On the other side, for many landlords the eviction moratorium wasn’t as bad as it might have been. Many renters were receiving substantial payments from the government, and some of those flowed through to landlords. Some landlords who had mortgages on their rental properties were able to take advantage of policies to push back those payments for a time. Both the Harvard and the JP Morgan Chase studies find that many landlords also reduced or postponed their spending on maintenance. Others put their rental properties up for sale. The Harvard survey found: “The share of landlords deferring maintenance and listing their properties for sale also increased in 2020 (5 to 31 percent and 3 to 13 percent, respectively)…”
The federal government did allocate funds to help renters, and thus landlords, but that particular problem never really got off the ground. The JPMorgan study puts it this way (again, footnotes omitted):
Between the Emergency Rental Assistance Program and the American Rescue Plan Act, $46.5 billion of rental assistance has been made available by the federal government for states and localities to distribute. As of the end of September , less than a quarter of the funds have been distributed. The distribution of these funds has been hampered by onerous paperwork requirements for both tenants and landlords to prove that tenants meet strict requirements to qualify for assistance, including matching information from the renter and the landlord. Among the many challenges, many of the most vulnerable tenants are not part of the formal rental market (e.g., subletting, renting illegal units, striking informal agreements, etc.) and are not able to provide the leases or other paperwork that is required of them to receive aid. Government officials have altered the rules of the program over time (e.g., allowing for self-attestation of need, providing advances while paperwork is processed, increasing flexibility for what the funds can be used for, etc.) to accelerate the process for getting assistance to needy families when it became clear that paperwork had become too much of a bottleneck.

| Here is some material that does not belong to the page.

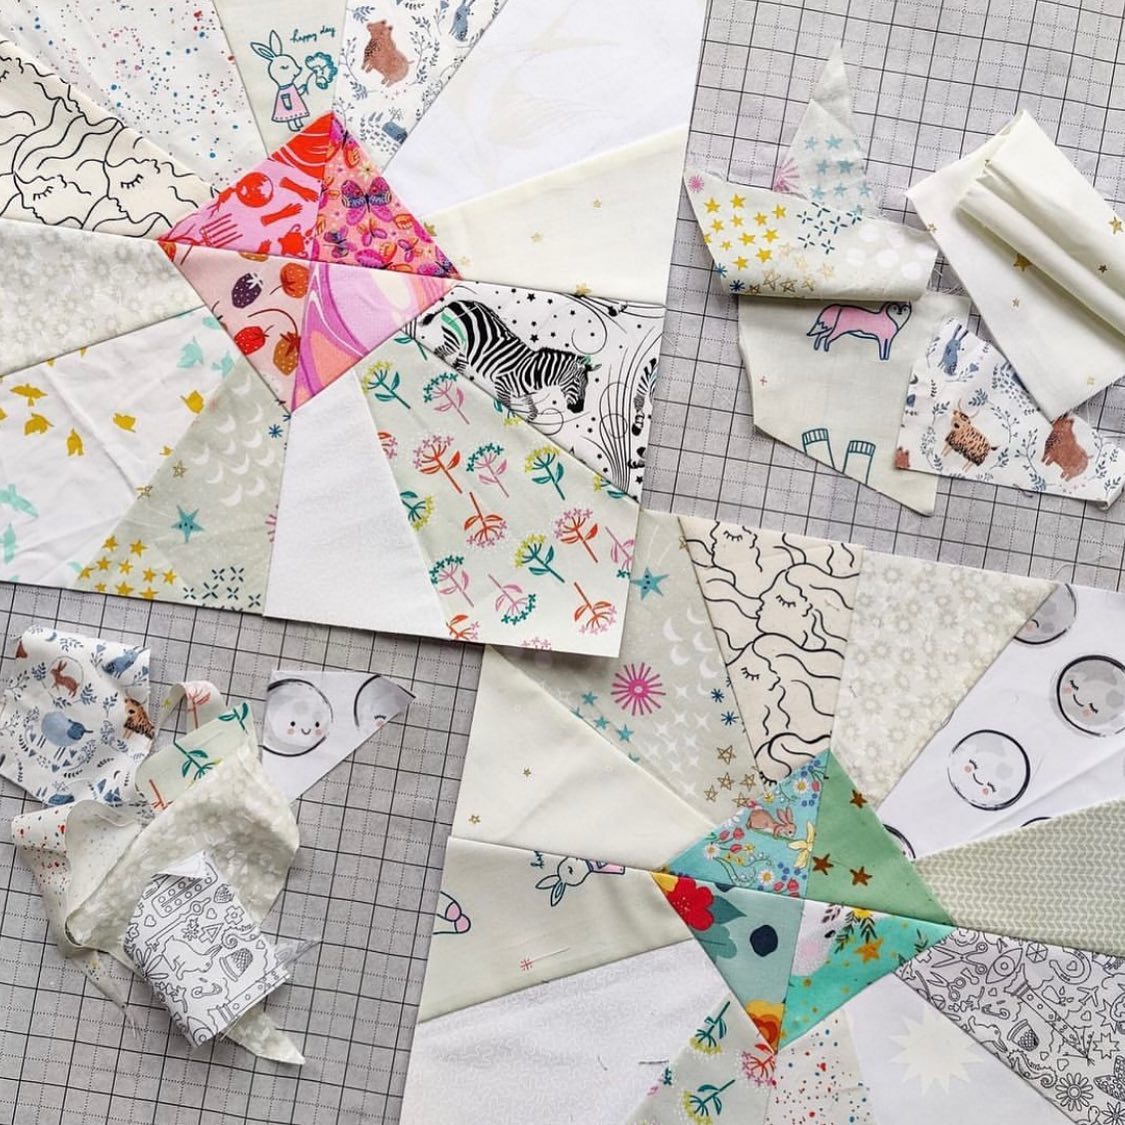 Quilt block by Silvers Stitches

Such flexibility will be key to helping landlords as the pandemic drags on and keeping tenants in their homes as the expiration of various eviction moratoriums rapidly approaches. This need is especially acute for smaller landlords as they are more likely to supply affordable rental housing and rent shortfalls during the pandemic has caused more of them to sell their rental properties. Helping these landlords helps to preserve our supply of affordable housing.

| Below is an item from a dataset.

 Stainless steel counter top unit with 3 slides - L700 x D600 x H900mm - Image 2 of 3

Renters tend to haver lower income than landlords, and renters suffered more in financial terms during the pandemic than landlords. But given that the US rental housing markets are fundamentally based on private-sector rentals, the ability and willingness of landlords to be provide affordable rental housing in the future is important
The issue of what rules should govern rental evictions existed before the pandemic, and will be a perennial topic moving ahead as well. Whatever the case for a national moratorium as a short-term or even a medium-term step, it surely can’t be a permanent policy. The HUD publication goes into these issues and discusses various local programs, although I don’t have a strong sense of what localities have rules that work better or worse. The HUD also offer some interesting evidence that evictions tend to be highly concentrated in certain areas and even among certain landlords in those areas. As the report notes: “Among the implications of these findings is that interventions targeted at the neighborhoods, buildings, and landlords responsible for significant numbers of evictions can have a profound impact.”